Овидию из этого пространства деться некуда – даже вернувшись в Рим, он отброшен на восток, катится, будто генерал Хлудов к Константинополю, но попадает в знакомые места. Нет вестового, нет чёрного смертного мешка. Овидия укрывает если не шуба сибирских степей, как клянчил другой великий поэт, а лёгкий плащ степи, дурман травы на границах империи.
В известной пьесе Бродского «Мрамор» два героя, Публий и Туллий, меланхолично беседуют о сущем. Один из них бормочет: «С детства Назона любил. Знаешь, как «Метаморфозы» кончаются?

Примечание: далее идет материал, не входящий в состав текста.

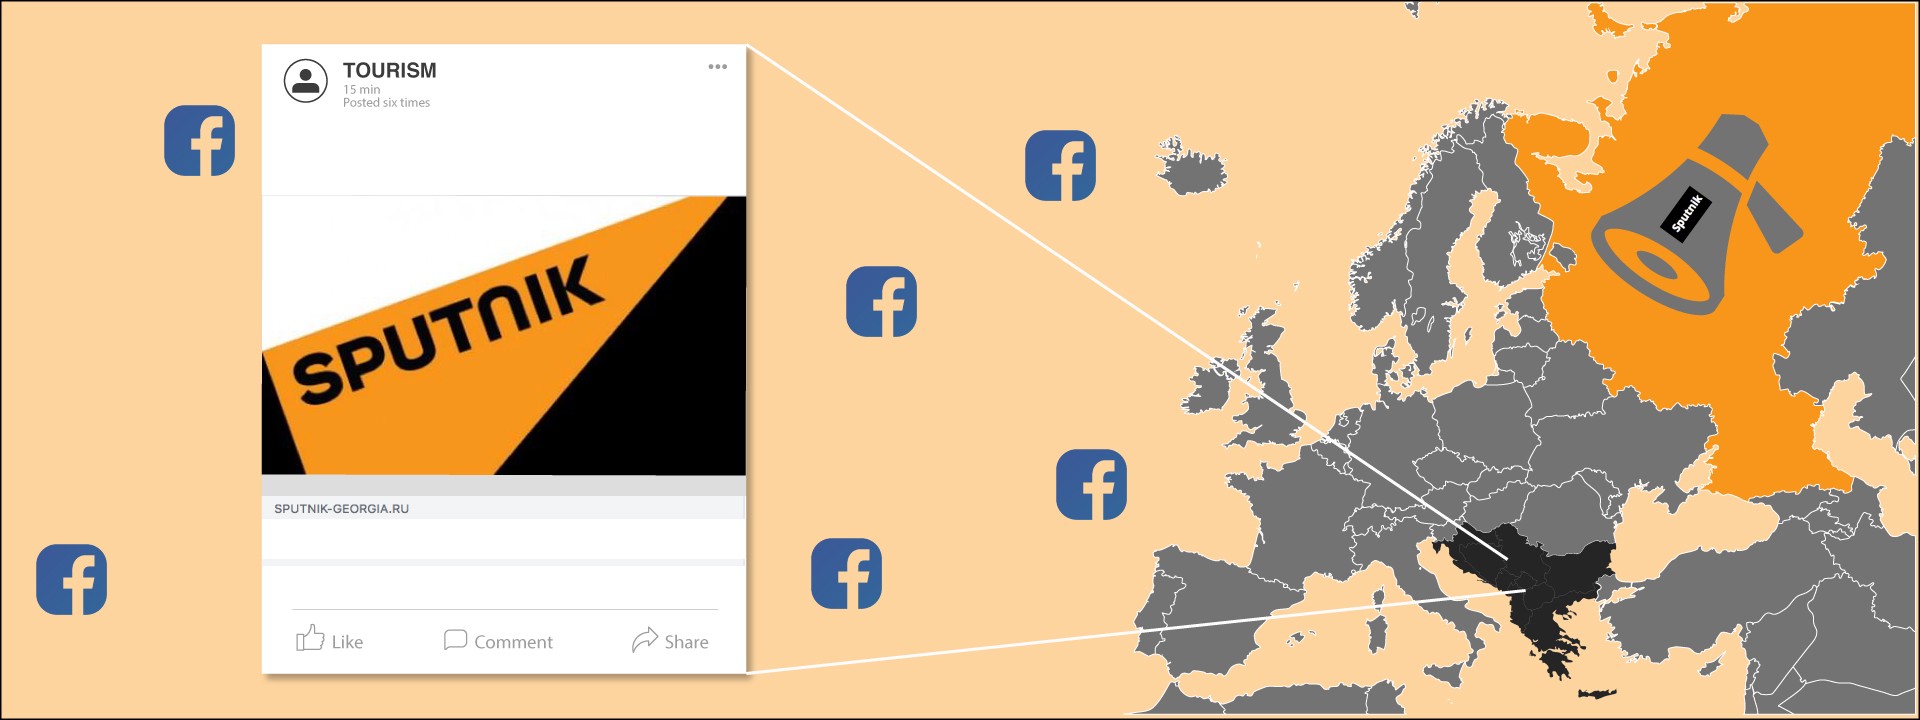 Facebook’s Sputnik Takedown — Top Takeaways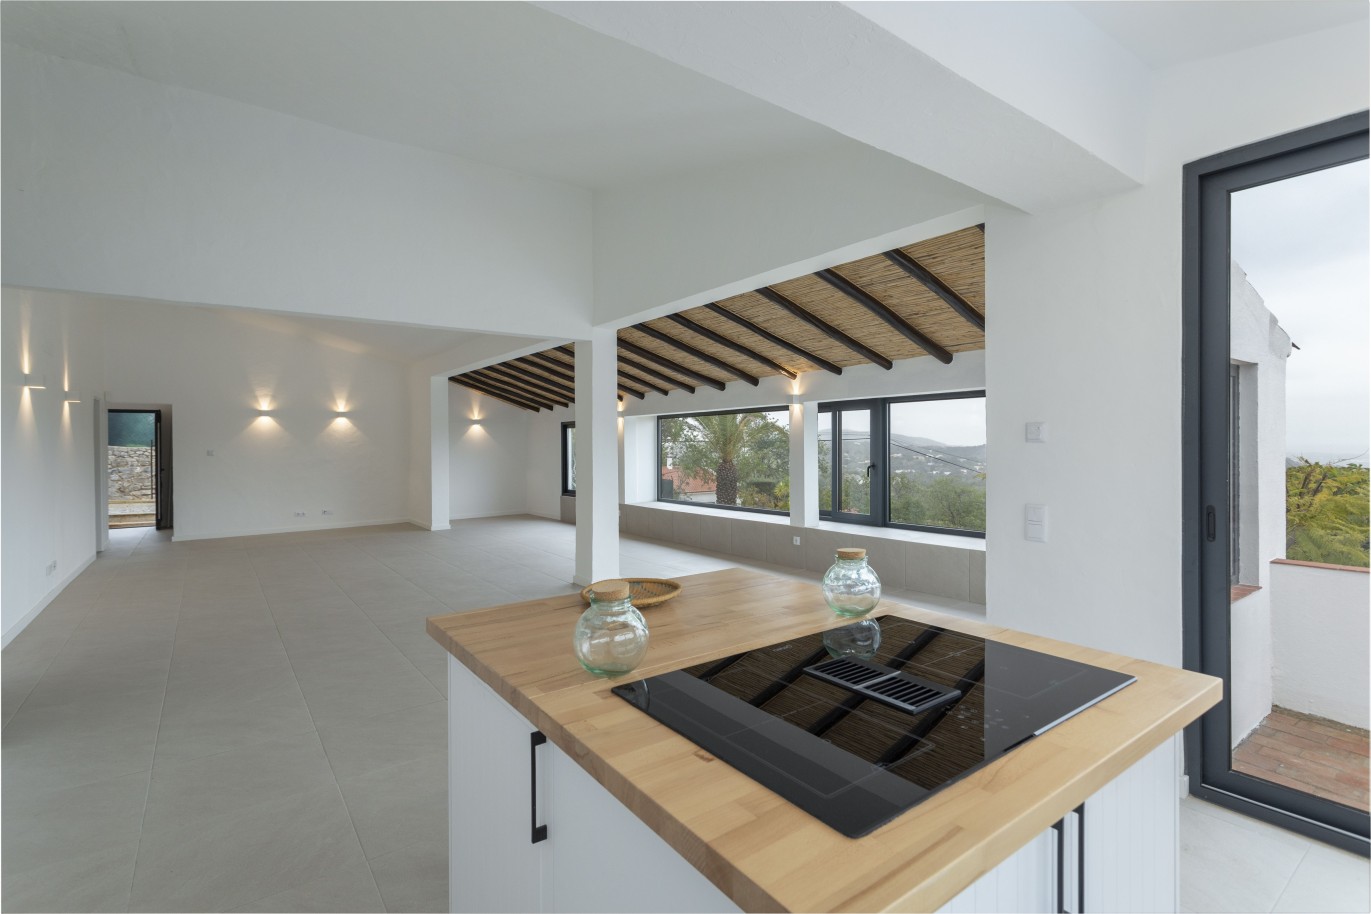 3 bedroom villa with sea view and pool, for sale in Santa Barbara, Algarve_245048

Вот завершился мой труд, и его ни Юпитера злобане уничтожит, ни медь, ни огнь, ни алчная старость.Всюду меня на земле, где б власть ни раскинулась Рима,будут народы читать, и на вечные веки во славе([ежели только певцов предчувствиям верить]) – пребуду.Публий. Да положить я хотел на «Метаморфозы»!..
Туллий ([продолжая]). Обрати внимание на оговорку эту: про предчувствия. Да еще – певцов. Вишь, понесло его вроде: «…и на вечные веки во славе…» Так нет: останавливается, рубит, так сказать, сук, сидючи на коем, распелся: «ежели только певцов предчувствиям верить» – и только потом: «пребуду». Завидная все-таки трезвость» – так эта пьеса ещё раз говорит о том, как долговечность поэта связана с долговечностью империи.